→ Description of the task: Return all of the data exactly, with nothing left out but the pictures.

→ Data extract:

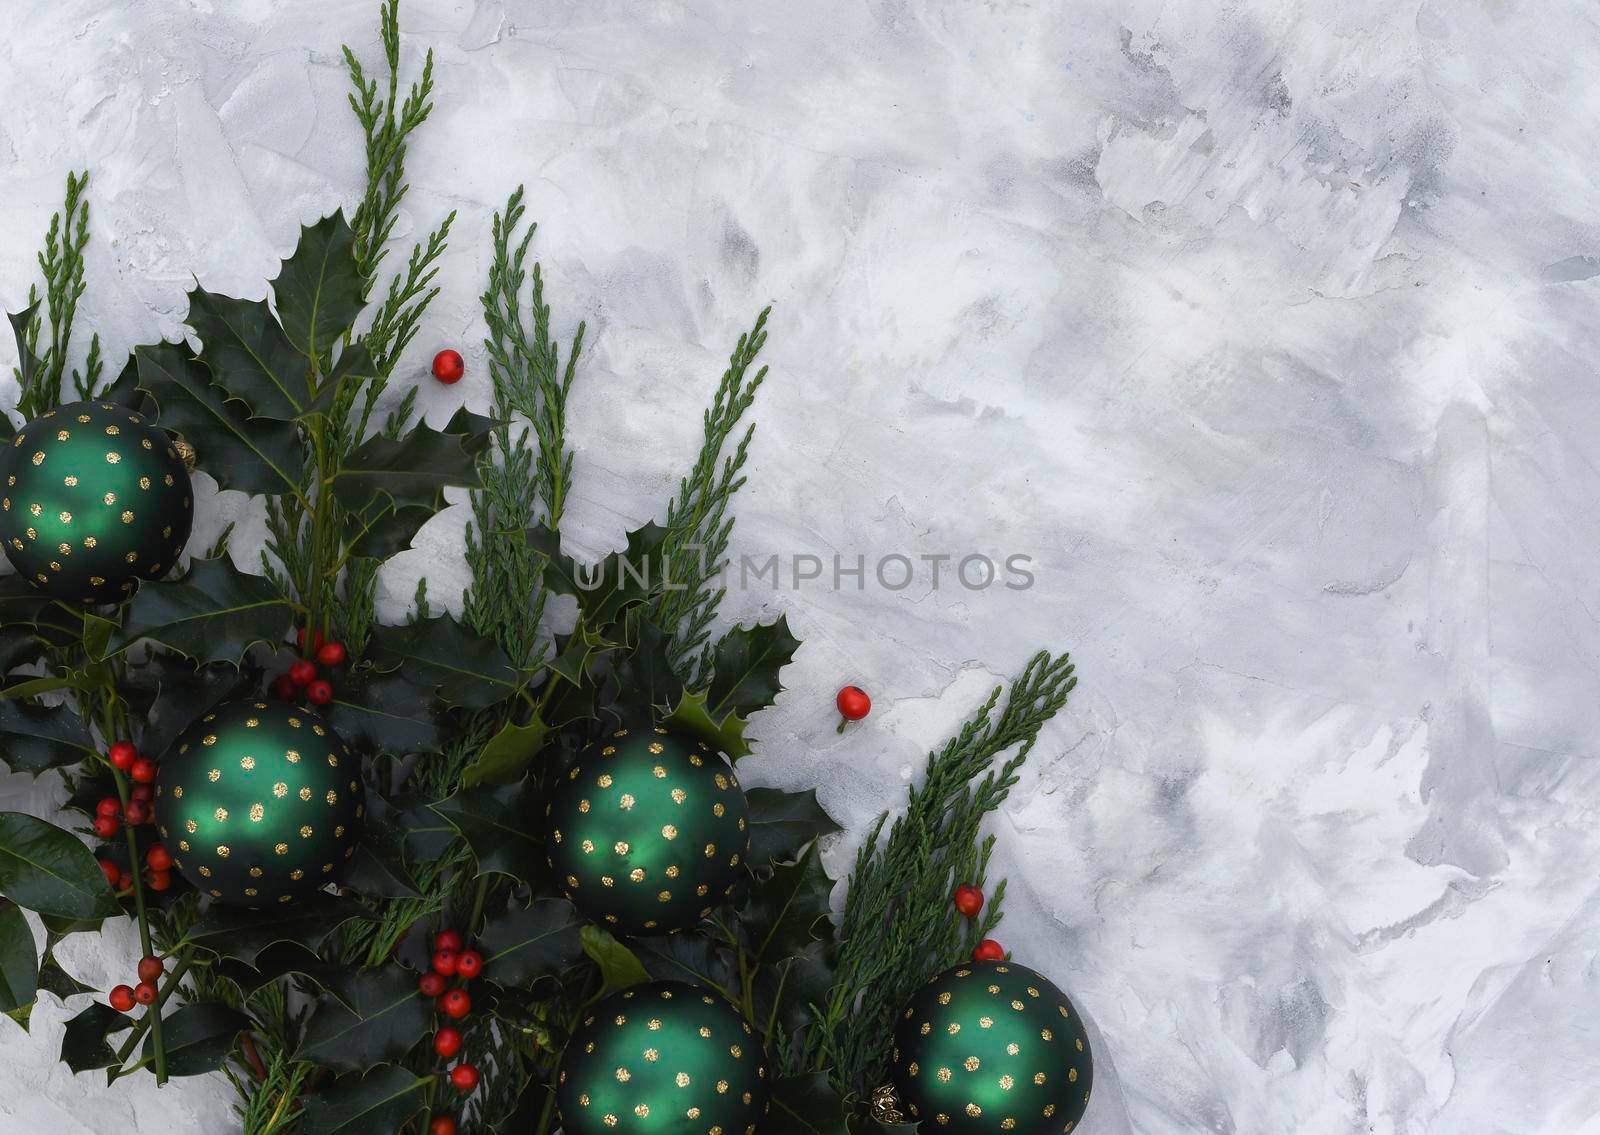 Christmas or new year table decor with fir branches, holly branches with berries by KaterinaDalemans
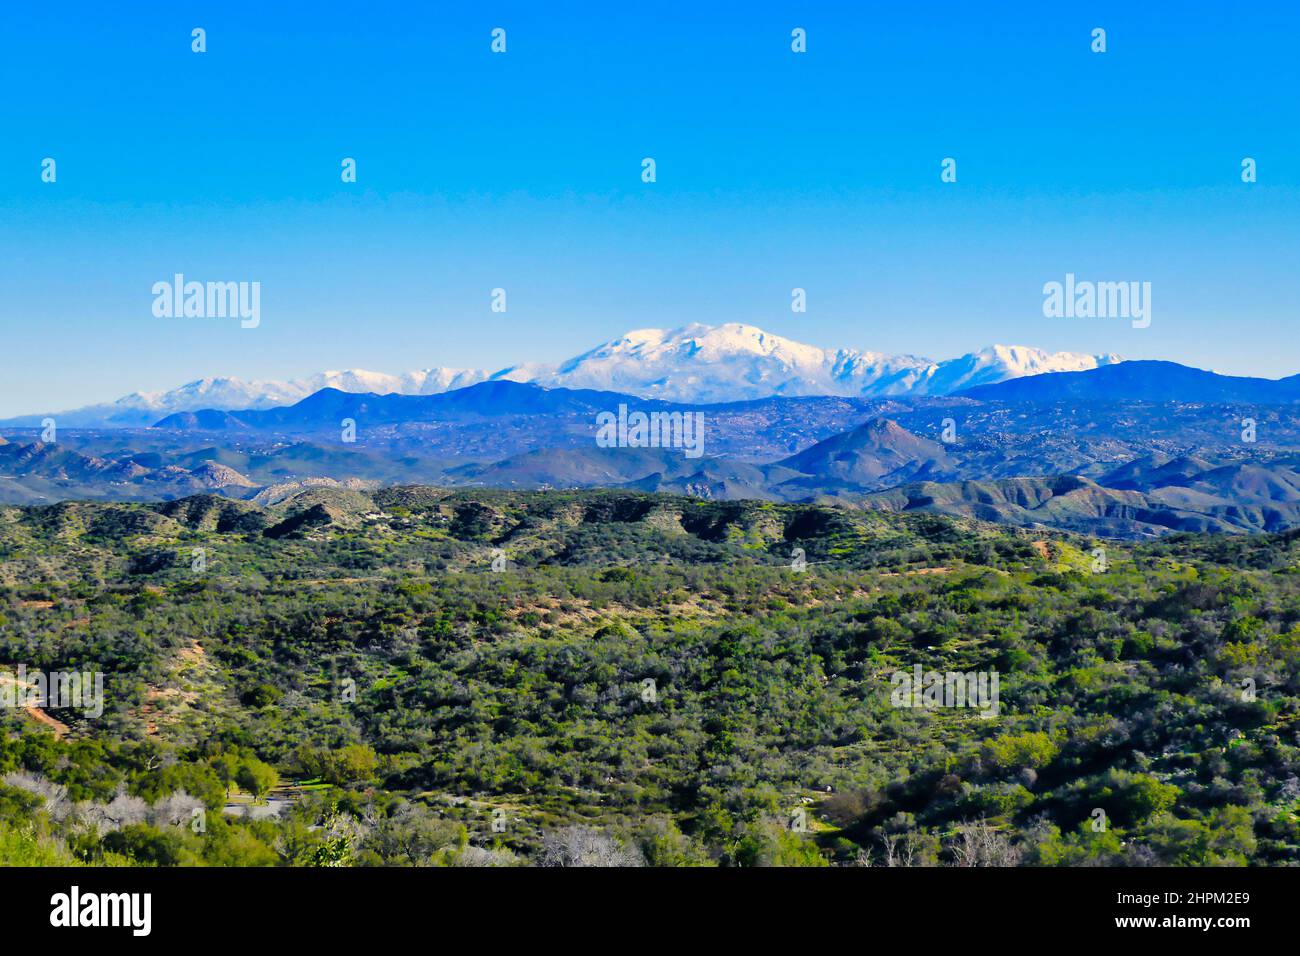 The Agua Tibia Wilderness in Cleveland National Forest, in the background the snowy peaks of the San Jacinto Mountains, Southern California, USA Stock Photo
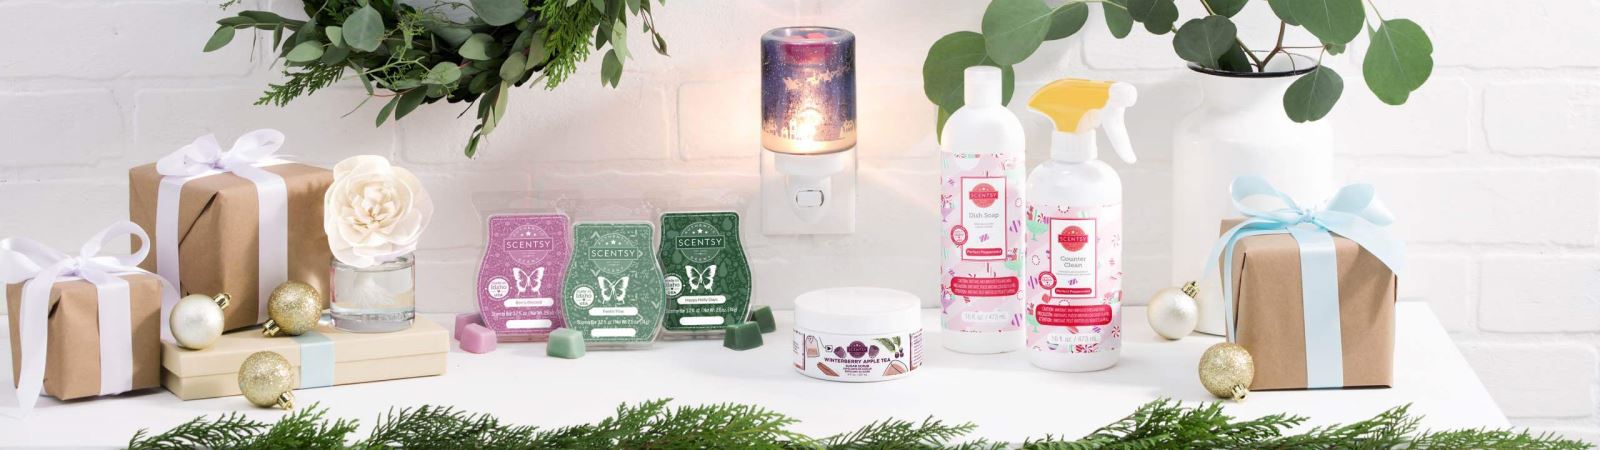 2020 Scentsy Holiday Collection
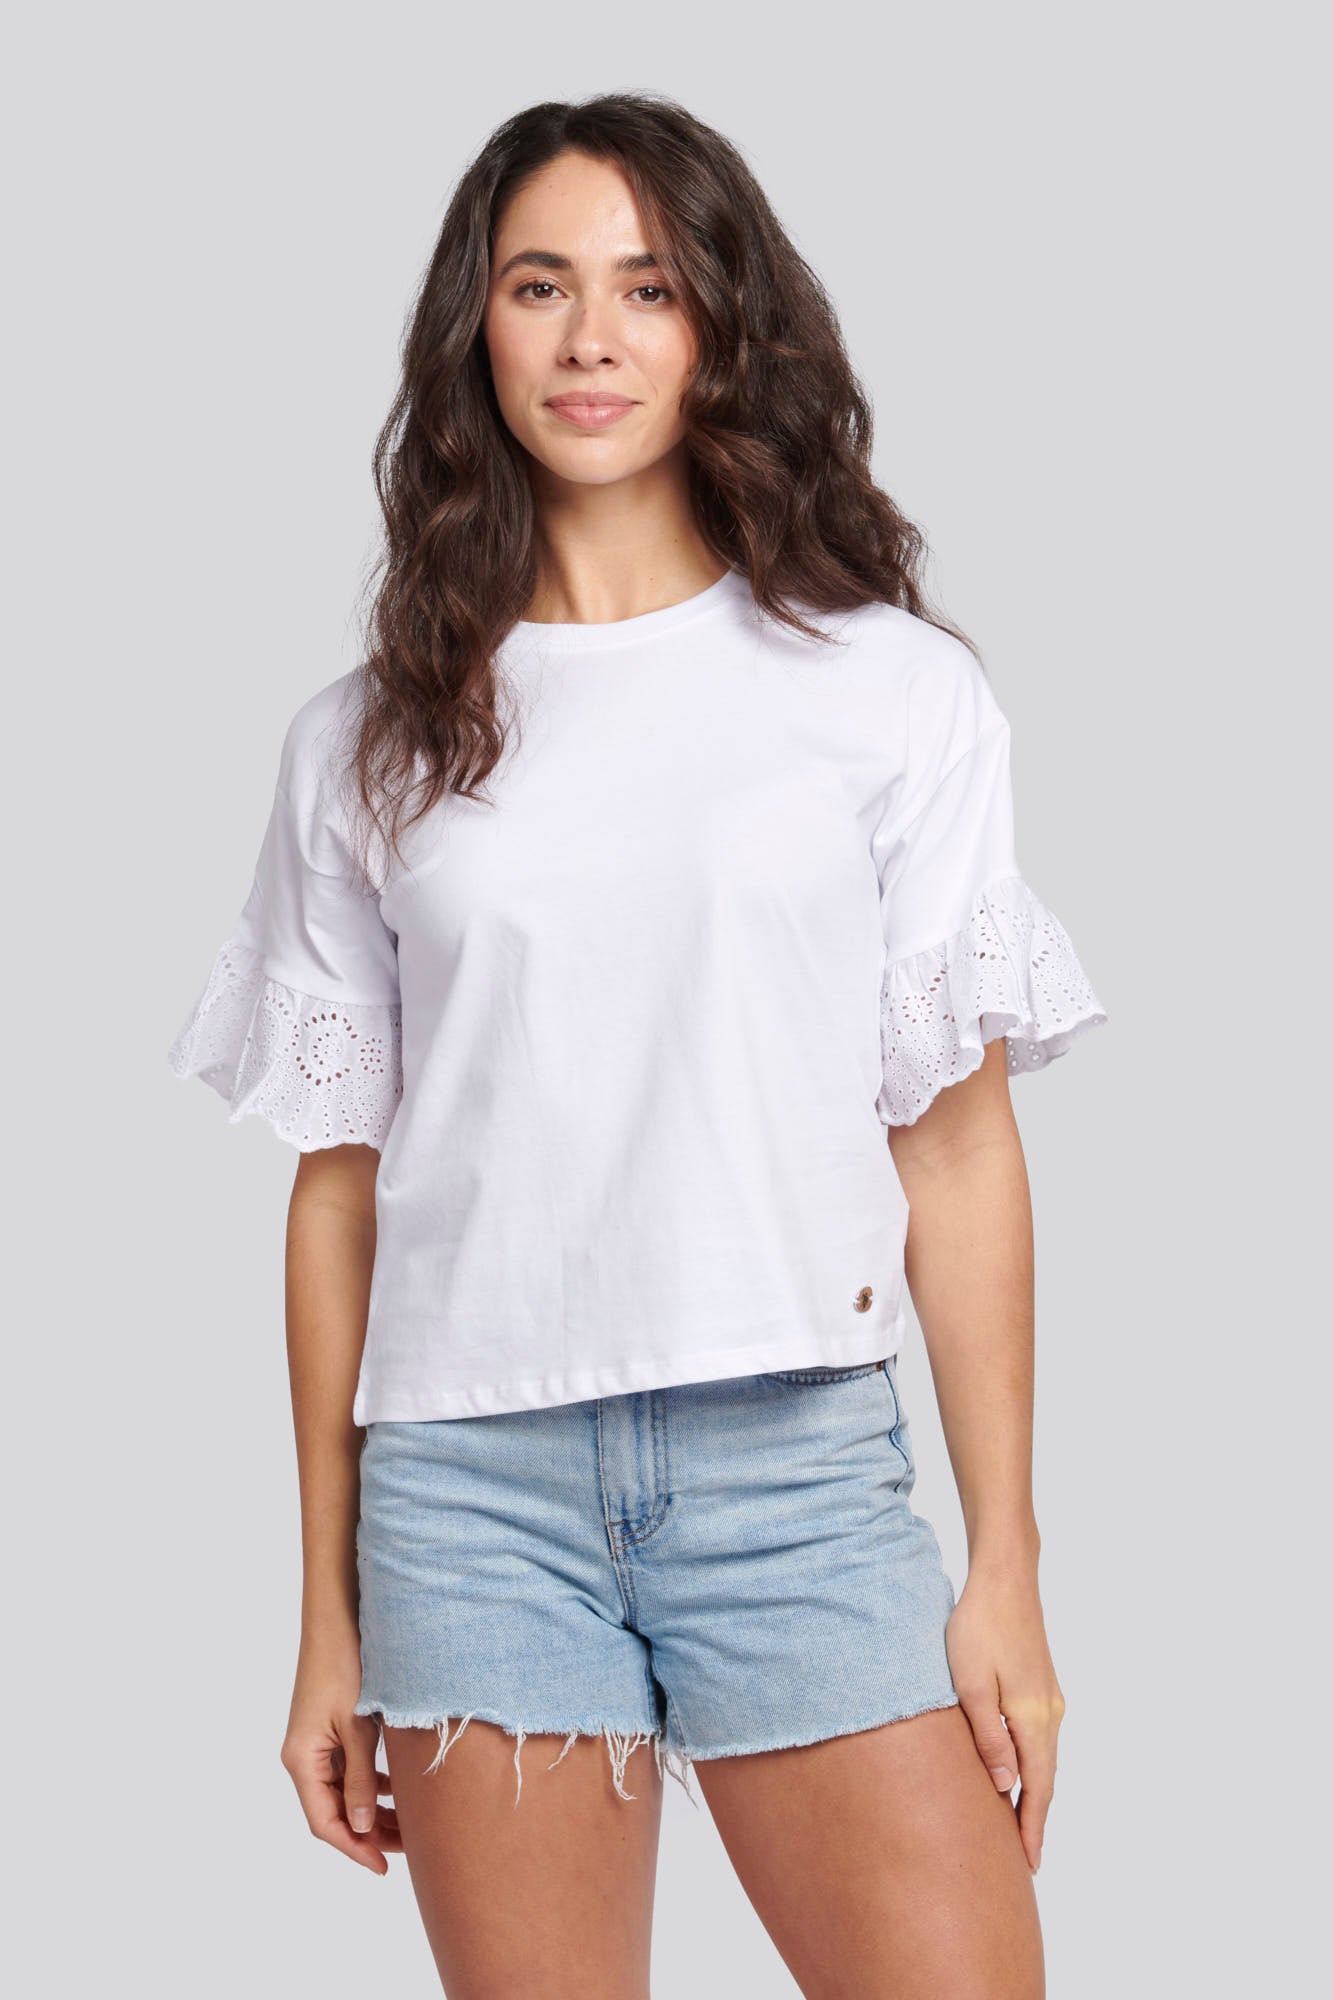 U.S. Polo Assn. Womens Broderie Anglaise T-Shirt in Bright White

→ Answer to this problem:
 Christmas or new year table decor with fir branches, holly branches with berries by KaterinaDalemans
 The Agua Tibia Wilderness in Cleveland National Forest, in the background the snowy peaks of the San Jacinto Mountains, Southern California, USA Stock Photo
 2020 Scentsy Holiday Collection
 U.S. Polo Assn. Womens Broderie Anglaise T-Shirt in Bright White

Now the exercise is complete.